The road, by the same name, continues northwest and west, through many different cities and towns. It largely parallels or joins Route 2 and Route 2A, all the way into central Massachusetts, with a few gaps at towns that have different names for the central road.
For much of its length, Massachusetts Avenue is a center of commercial activity, especially through the larger towns. Apartments, shops, and restaurants fill both sides of it, and there is a lot of pedestrian traffic.
A number of linear parks cut across various portions of Mass. Ave., including the Southwest Corridor Park, the Commonwealth Avenue portion of the Emerald Necklace, the Charles River Bike Path, the Cambridge Linear Park, Alewife Brook Reservation, and the Minuteman Bikeway.
On the night of April 18-19, 1775, Paul Revere rode his horse down a portion of this road (then known as the Great Road) on his "Midnight Ride." On April 18-19, 1775, William Dawes and Samuel Prescott also rode on portions of this road on their way to Concord. (These travels were on the Cambridge side of the Charles River; the Harvard Bridge was not constructed until the 1880s.)
Massachusetts Avenue was actually cobbled together at the end of the nineteenth century from what were formerly separate roads. In Boston the road was previously called East Chester Park south of Chester Square and West Chester Park to the north (Chester Square is in the South End and is now called Chester Park). Across the river in Cambridge the road follows part of what was once Front Street near the Massachusetts Institute of Technology and then follows the former Main Street to Harvard Square (Main Street originally ran between Kendall and Harvard Squares, and the part to the east of Central Square retains the original name). From Harvard Square to the Arlington line at Alewife Brook it follows what was previously North Avenue. In Arlington it follows the former Arlington Avenue, and in Lexington it follows the former Main Street south of the Battle Green.
Massachusetts Avenue is served with direct connections for a number of Boston's bus and subway routes between Lexington and Boston.

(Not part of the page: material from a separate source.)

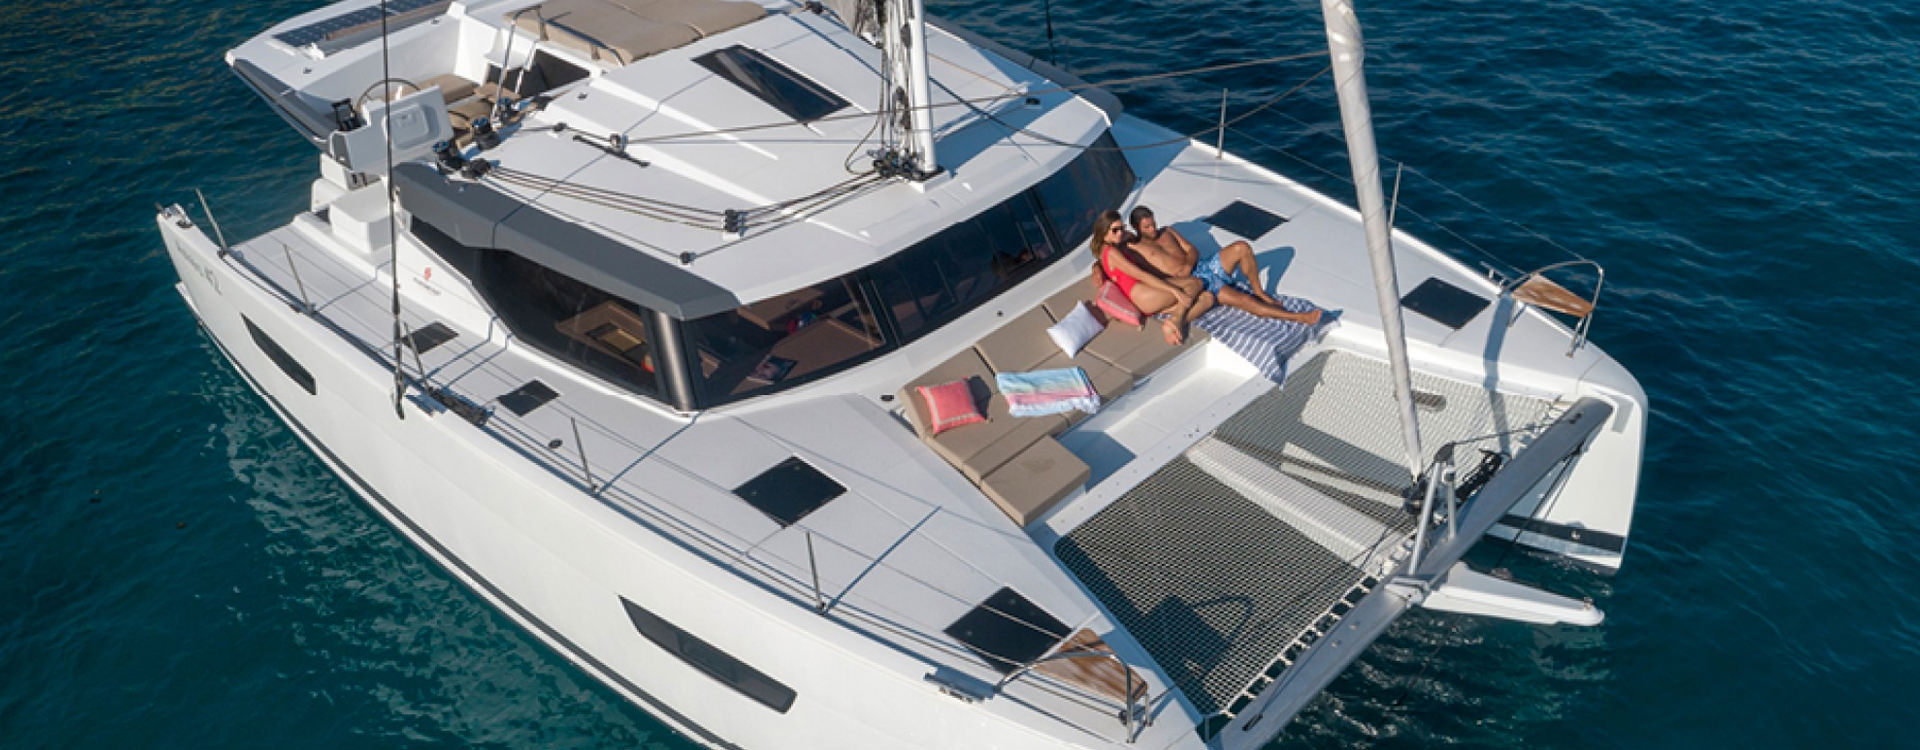 Alni Sailing - Fountaine Pajot Astréa 42 - external view with two people on deck

Direct bus connections along Mass Ave. include: 1, 8, 10, 15, 16, 17, 43, 47, 55, 62, 64, 66, 67, 68, 69, 70/70A, 71, 72, 73, 74, 75, 76, 77, 78, 79, 83, 86, 91, 96, 170, 350, 351, CT1, CT2, CT3, and a stop on the Silver Line bus.
Stations include (from west to east): Porter, Harvard, and Central along the Red Line; both the Hynes Convention Center and Symphony along the Green Line; and a station along the Orange Line under the Mass Ave. name. An additional stop at Arlington Center was mooted during the 1980s Red Line extension but ultimately was not constructed.[2]
Presently the only Commuter Rail station directly on Mass Ave. is at Porter Square. However, a future station at Newmarket Square, South Boston, is in the planning stages.[3]